§ **Problem**: In the records below, find the line containing "Michel KIKOINE (1892-1968)". Output it and every line after it to the end, unchanged, with no pictures.

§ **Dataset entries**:
=-=-=

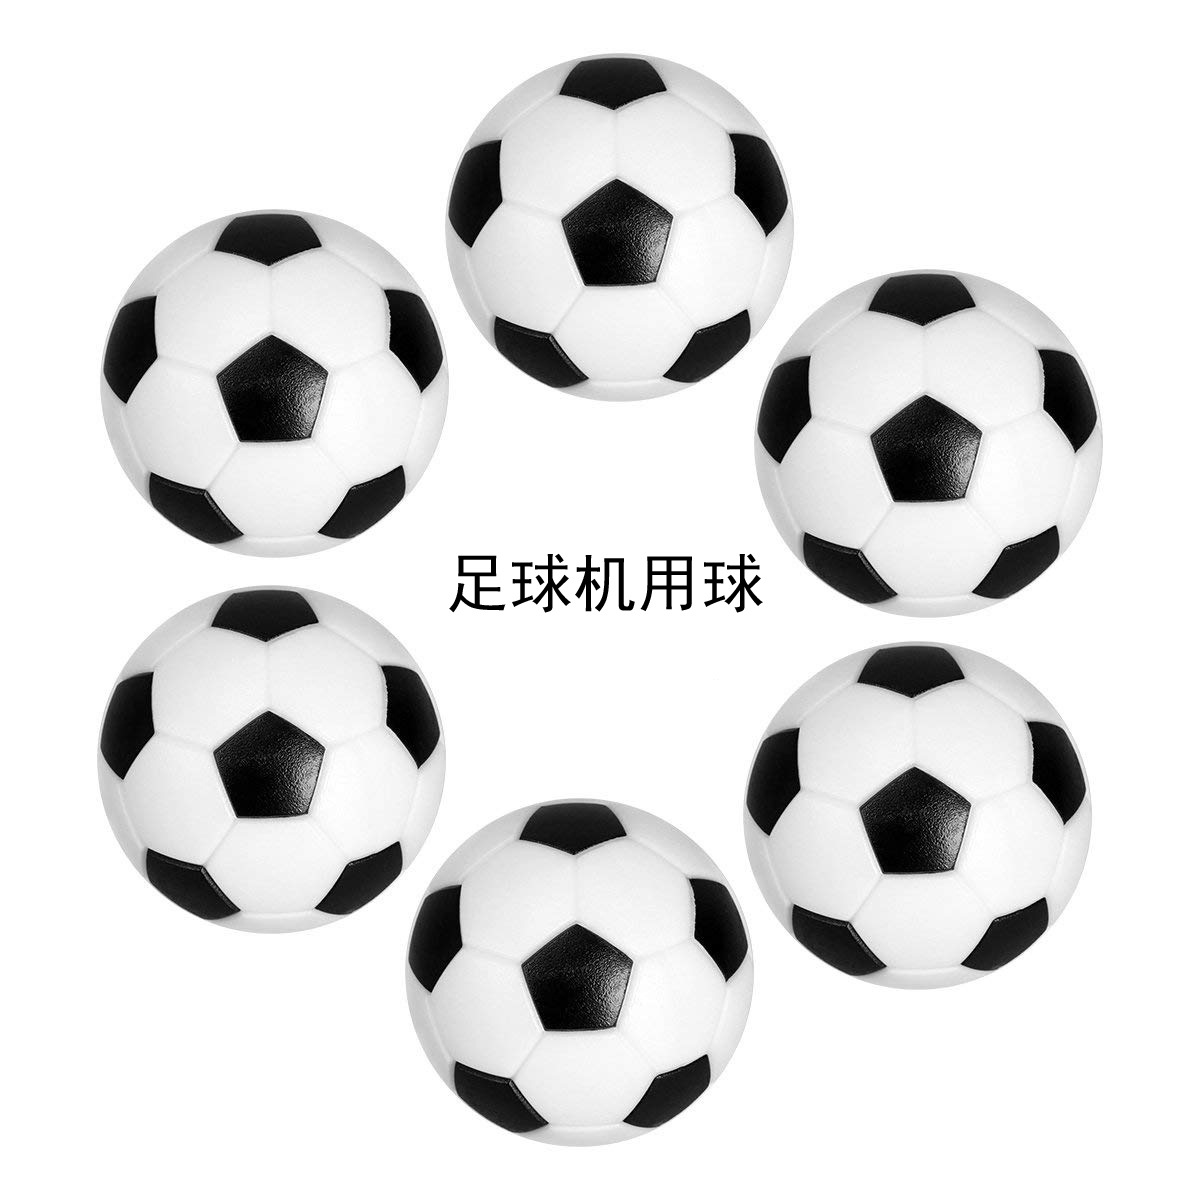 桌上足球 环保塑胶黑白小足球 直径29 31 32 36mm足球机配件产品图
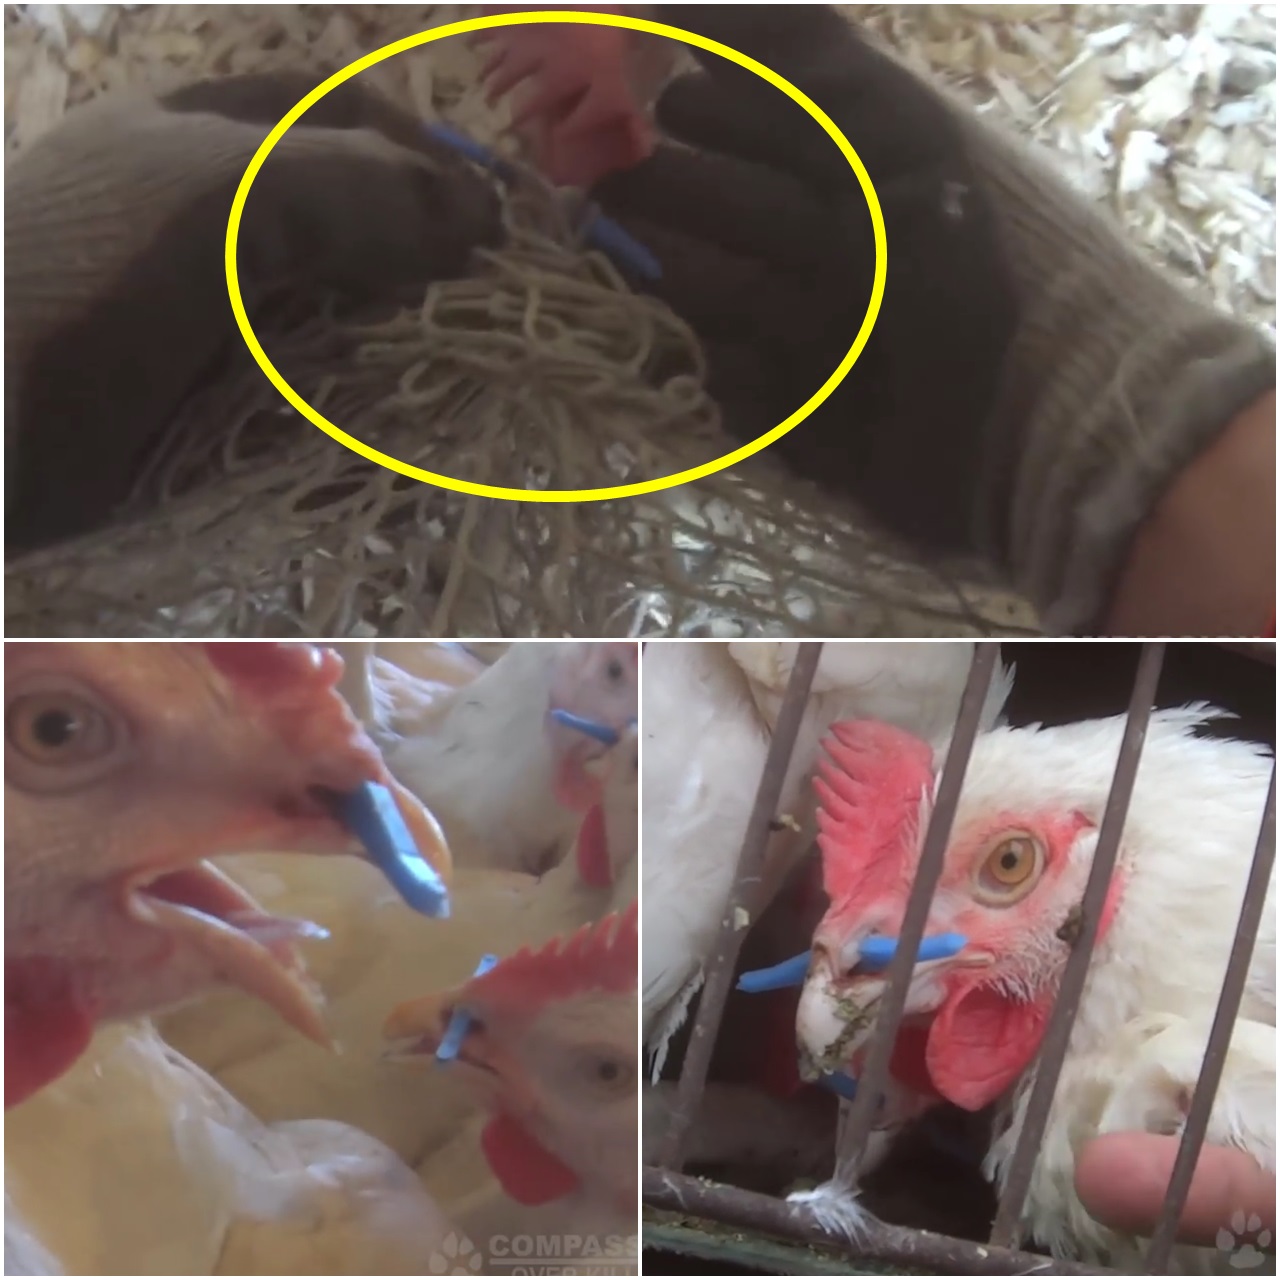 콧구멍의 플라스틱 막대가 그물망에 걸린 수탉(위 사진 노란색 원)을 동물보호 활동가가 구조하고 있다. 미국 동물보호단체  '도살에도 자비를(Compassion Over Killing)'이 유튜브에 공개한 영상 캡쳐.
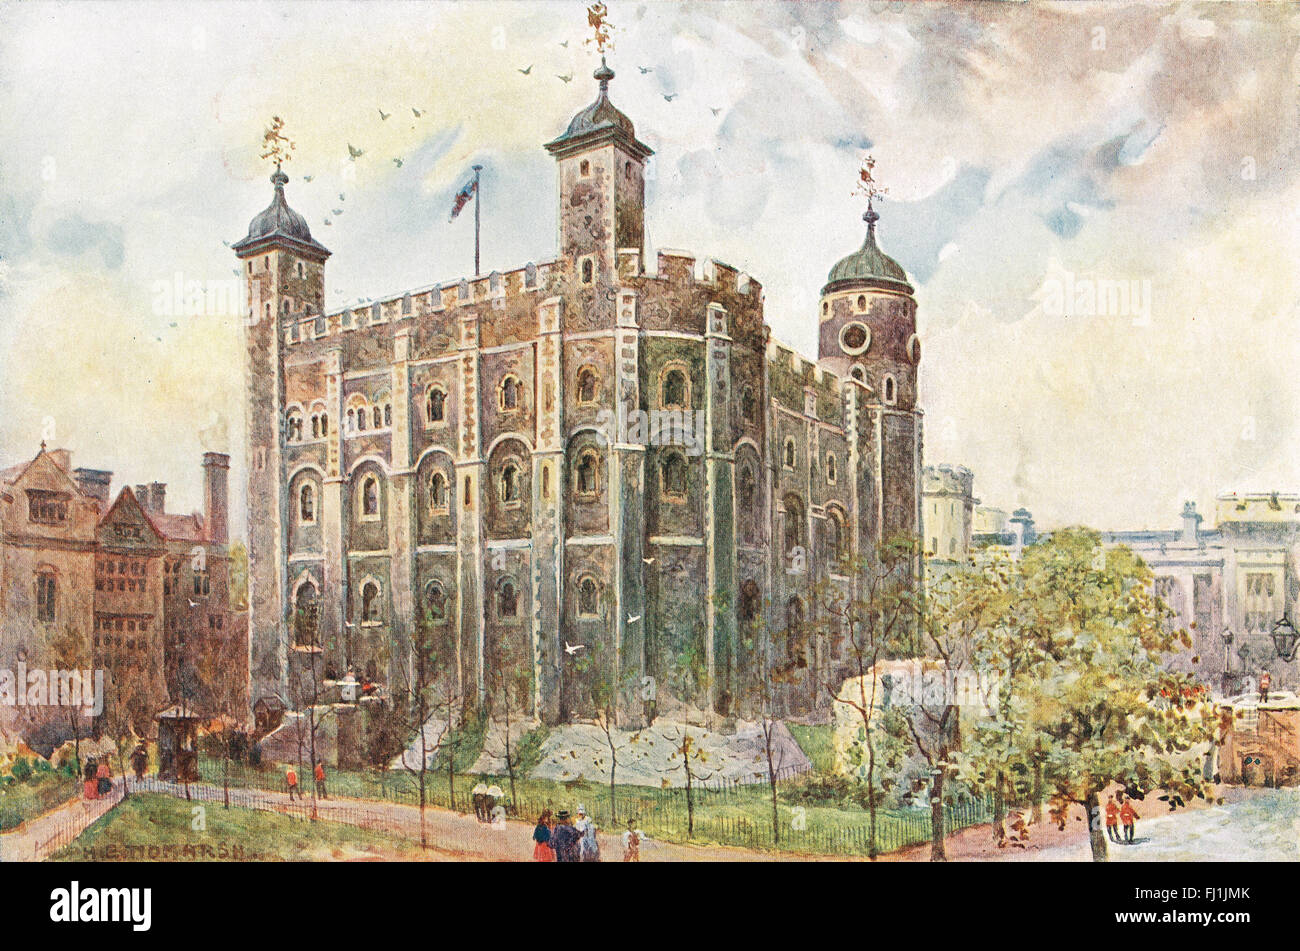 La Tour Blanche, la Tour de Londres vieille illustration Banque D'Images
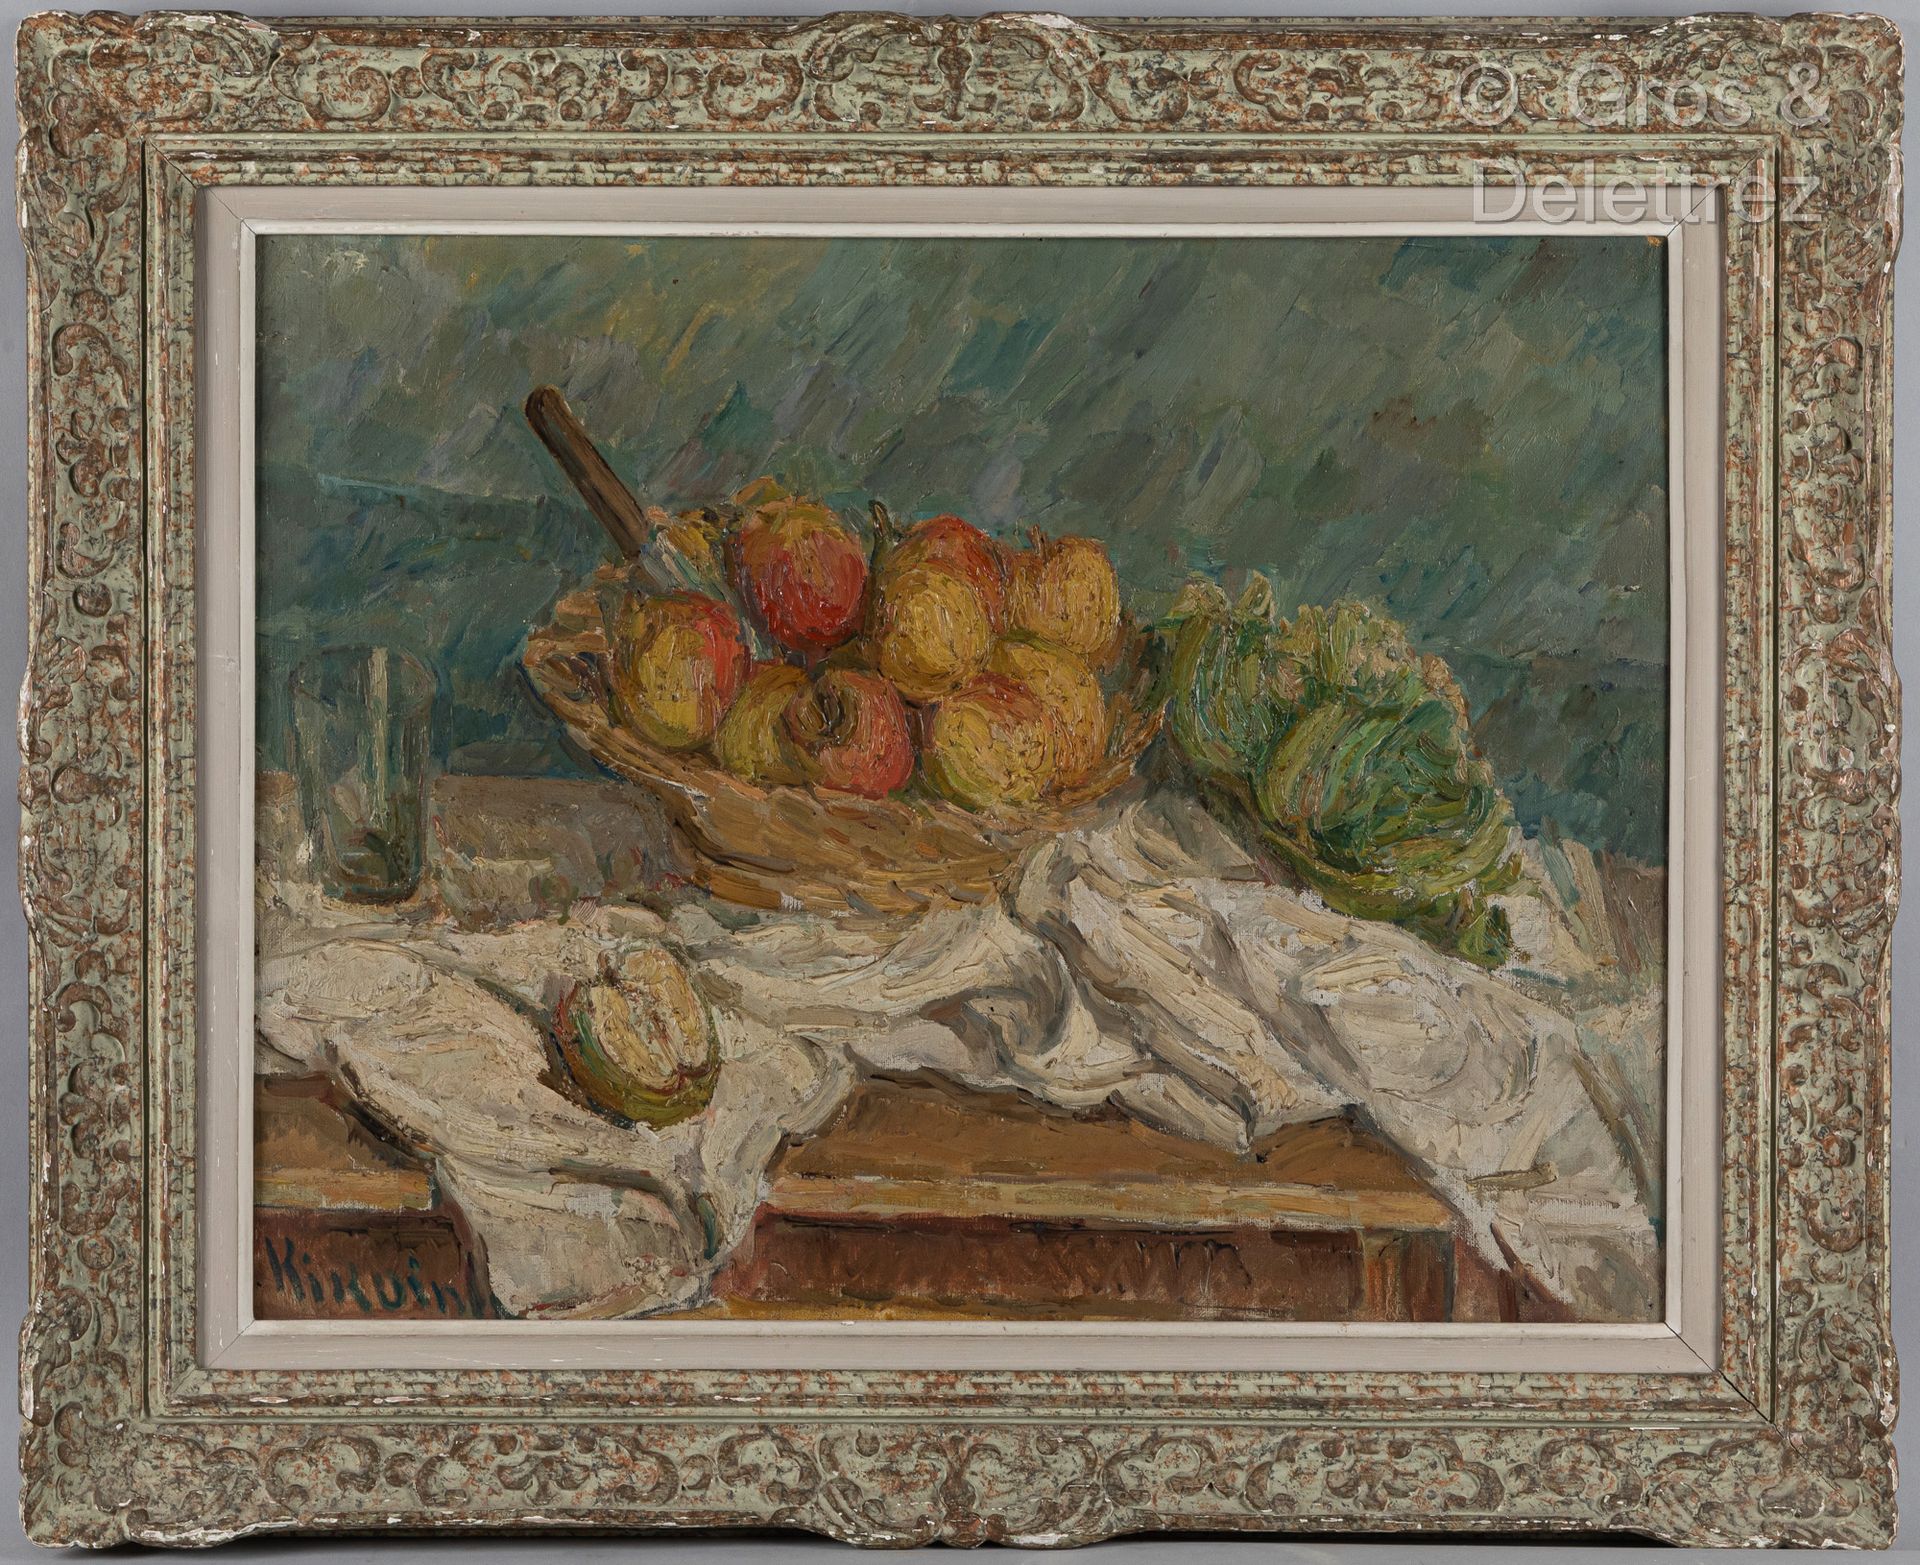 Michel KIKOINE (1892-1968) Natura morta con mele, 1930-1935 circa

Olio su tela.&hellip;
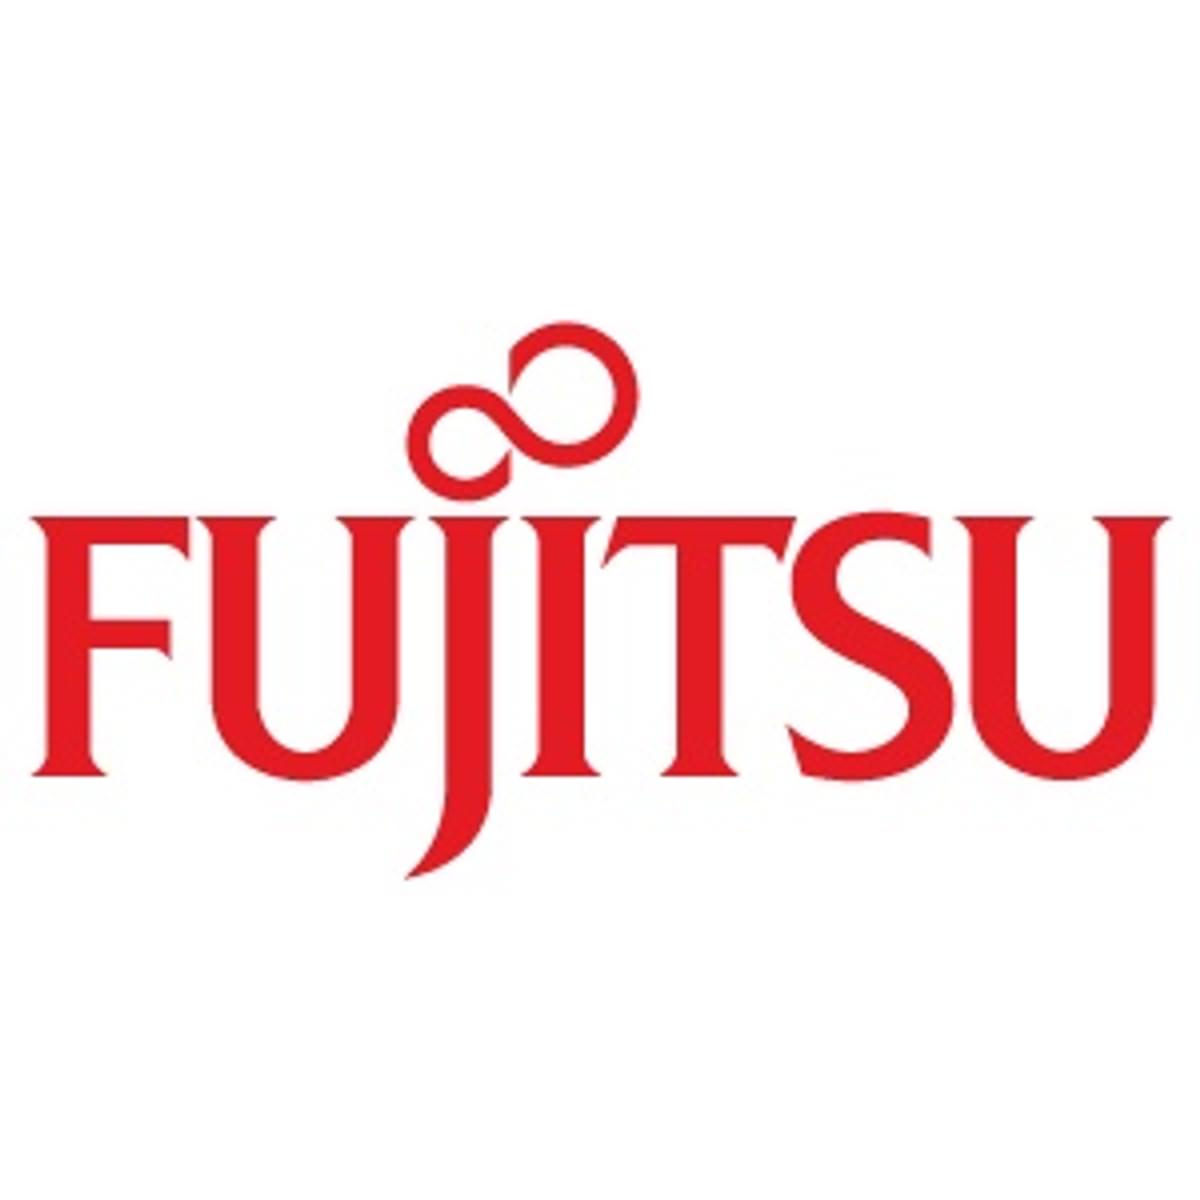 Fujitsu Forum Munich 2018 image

=-=-=

§ **Answer section**:
 Michel KIKOINE (1892-1968) Natura morta con mele, 1930-1935 circa

Olio su tela.&hellip;
 Fujitsu Forum Munich 2018 image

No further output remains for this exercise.